- WORK INSTRUCTIONS: After finding "Marmot Synthetic Solaris" in the material below, output its line and every line after it through the last, exactly, but not the pictures.

- SUPPLIED INFORMATION:
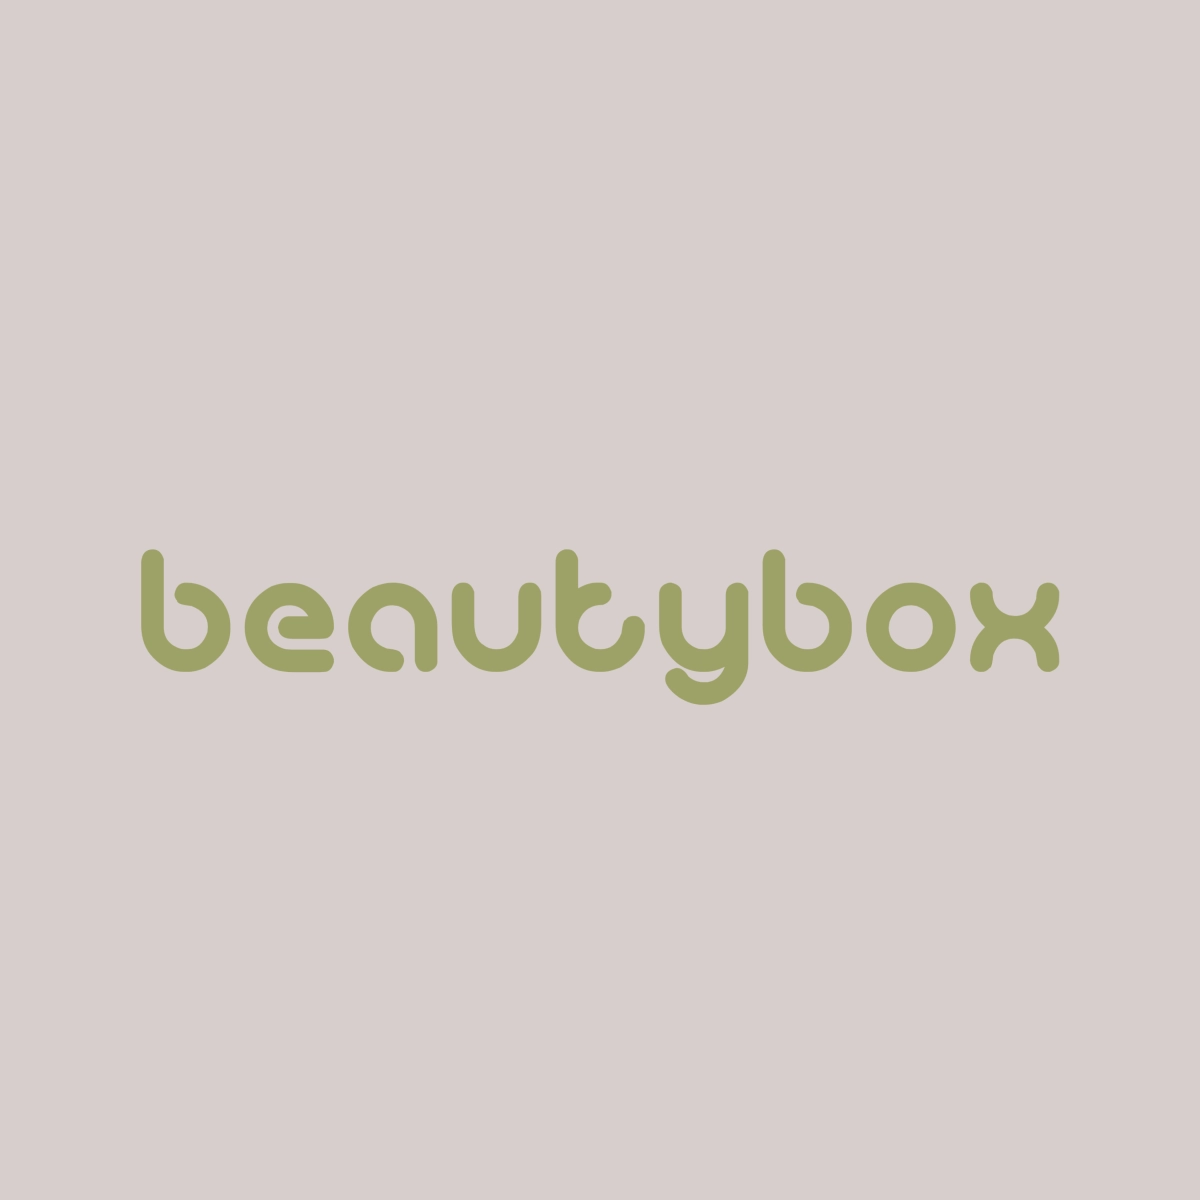 BeautyBox Opensolarium Hintergrund
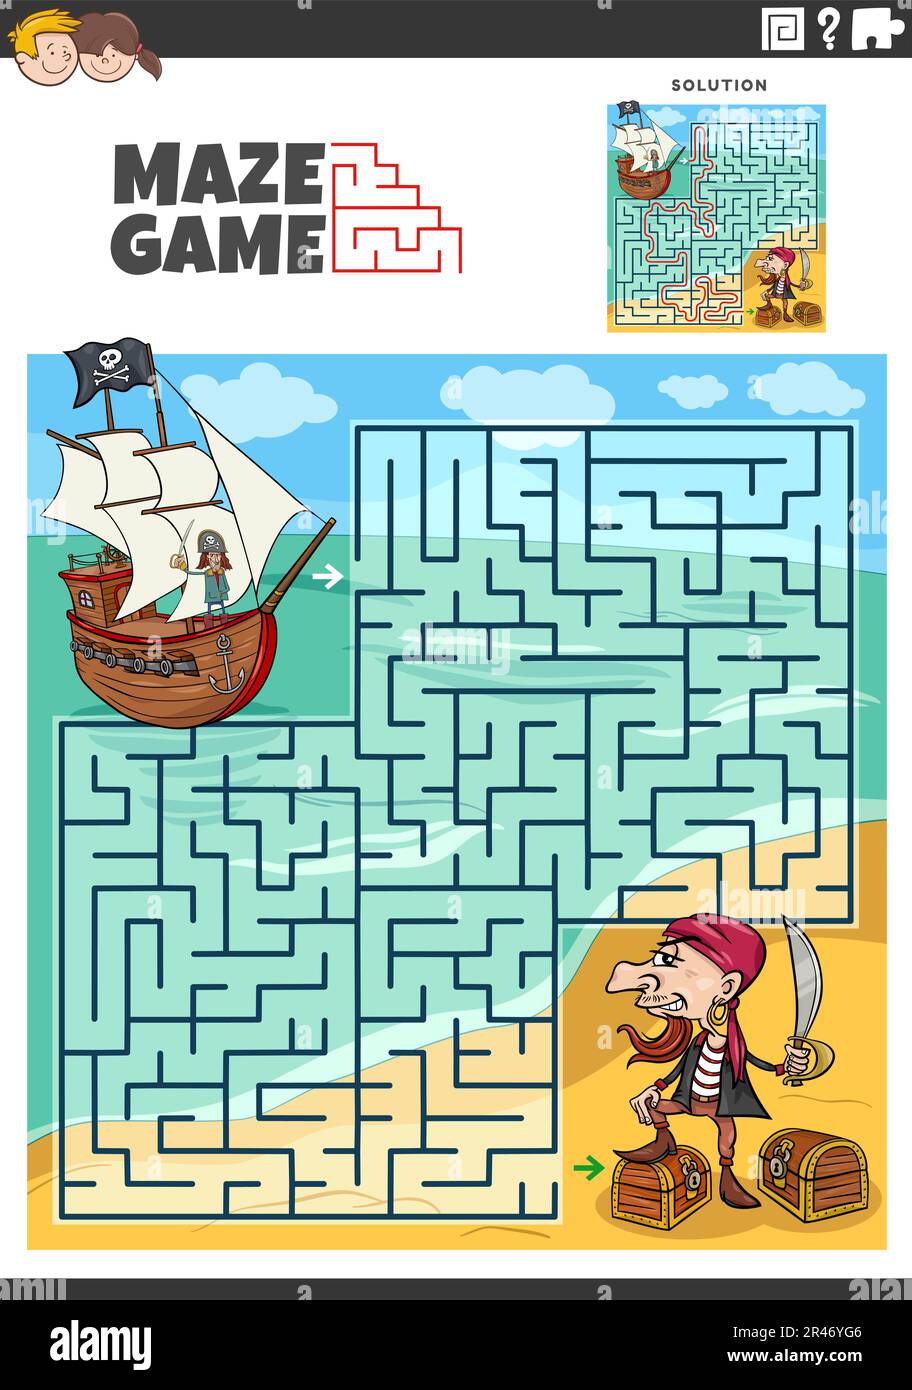 Pirate Birthday Games Activities Puzzles Mazes - FUN!
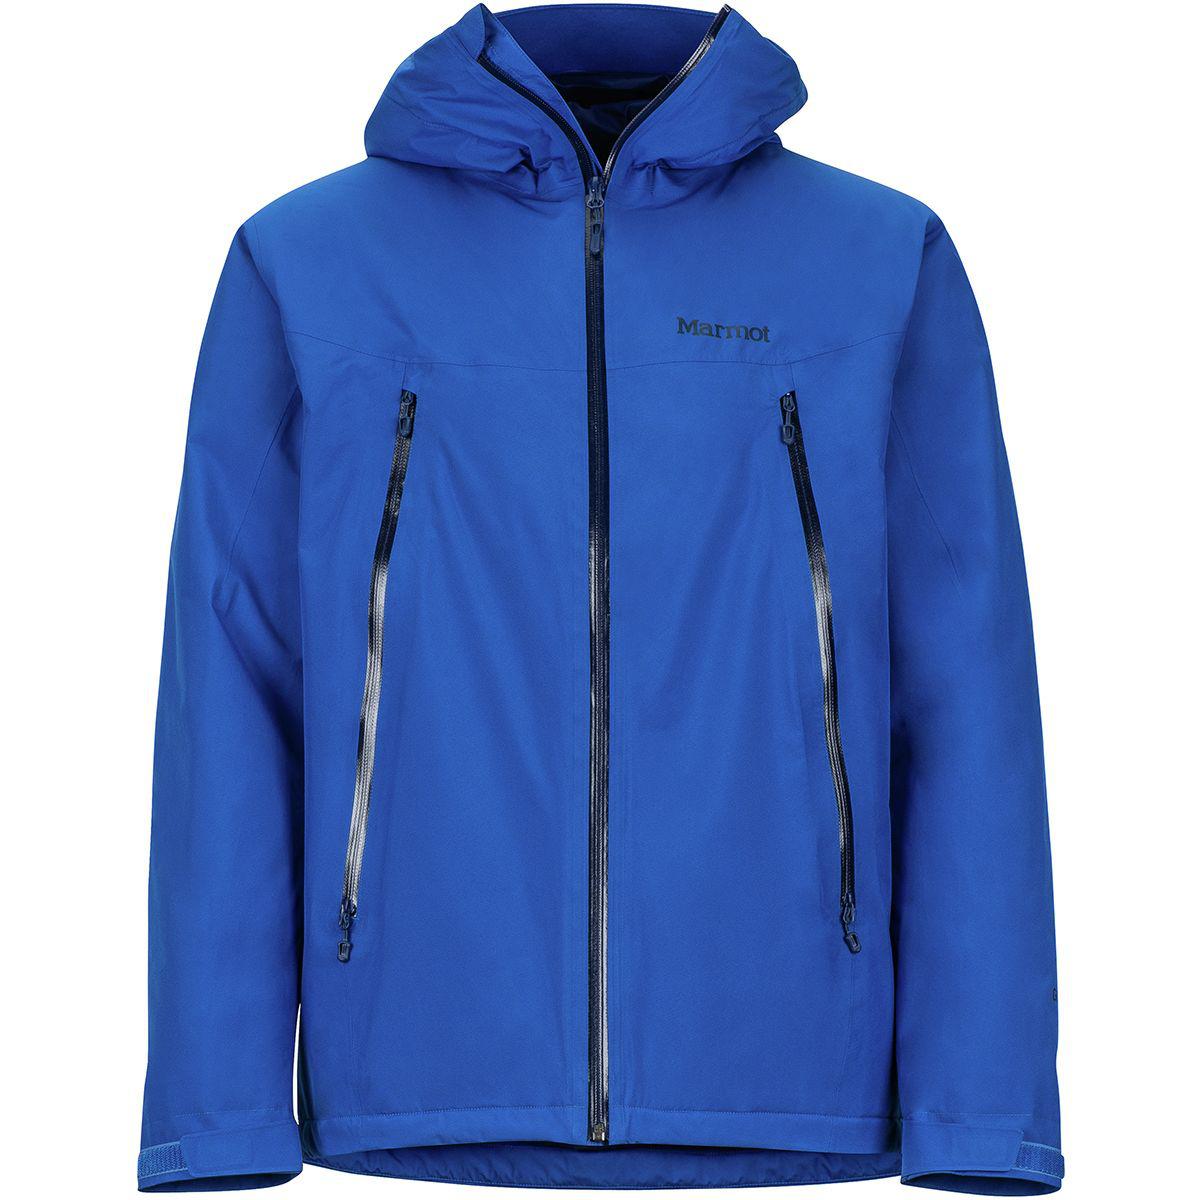 Marmot Synthetic Solaris Jacket in Dark Cerulean (Blue) for Men - Lyst
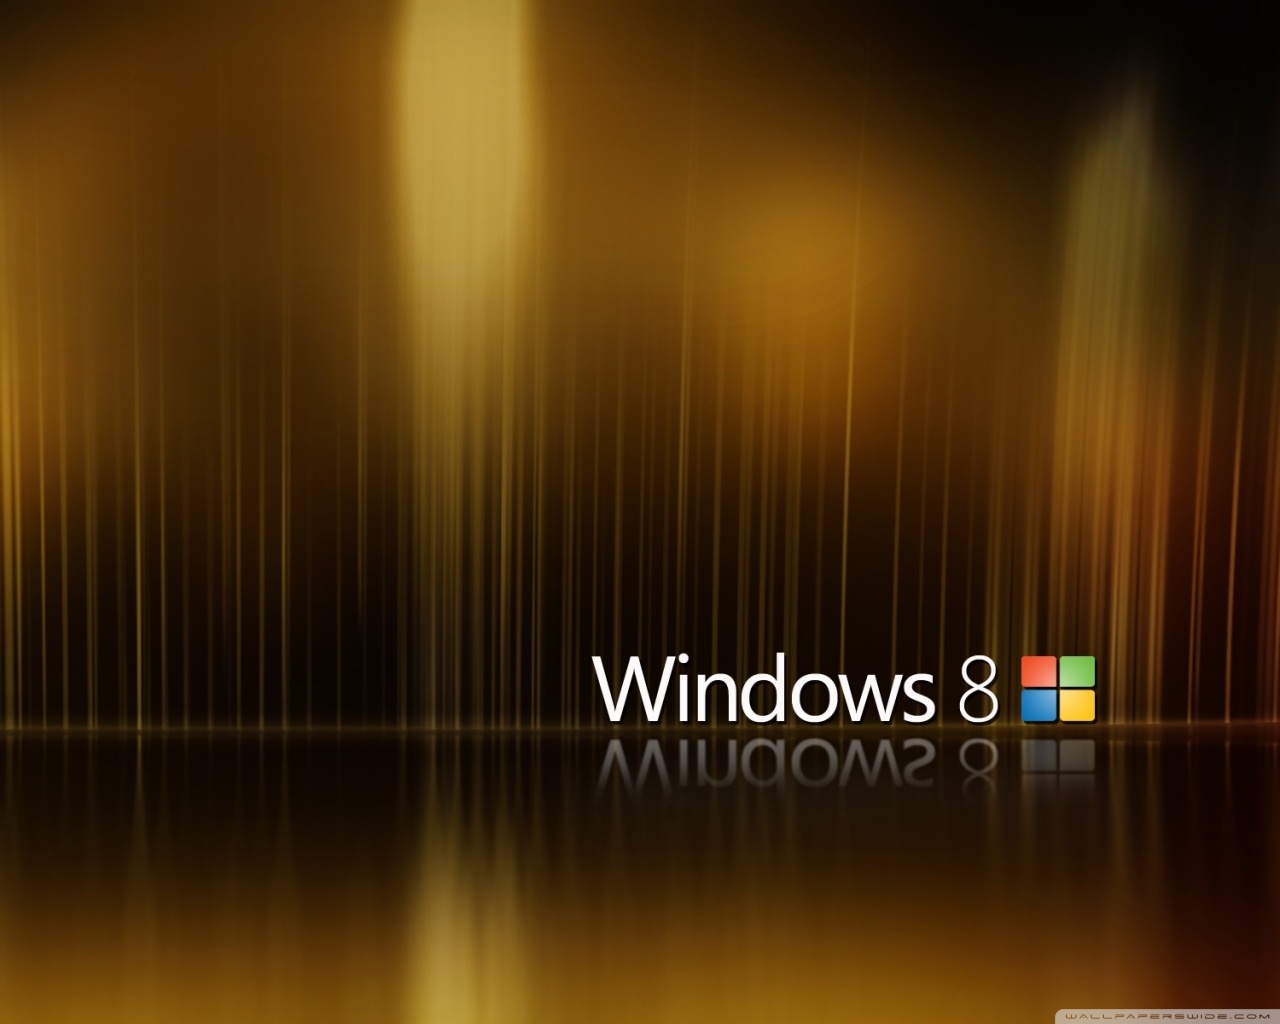 Windows 8 HD desktop wallpaper High Definition Fullscreen Mobile

- RESPONSE TO THE EXERCISE:
 Marmot Synthetic Solaris Jacket in Dark Cerulean (Blue) for Men - Lyst
 Windows 8 HD desktop wallpaper High Definition Fullscreen Mobile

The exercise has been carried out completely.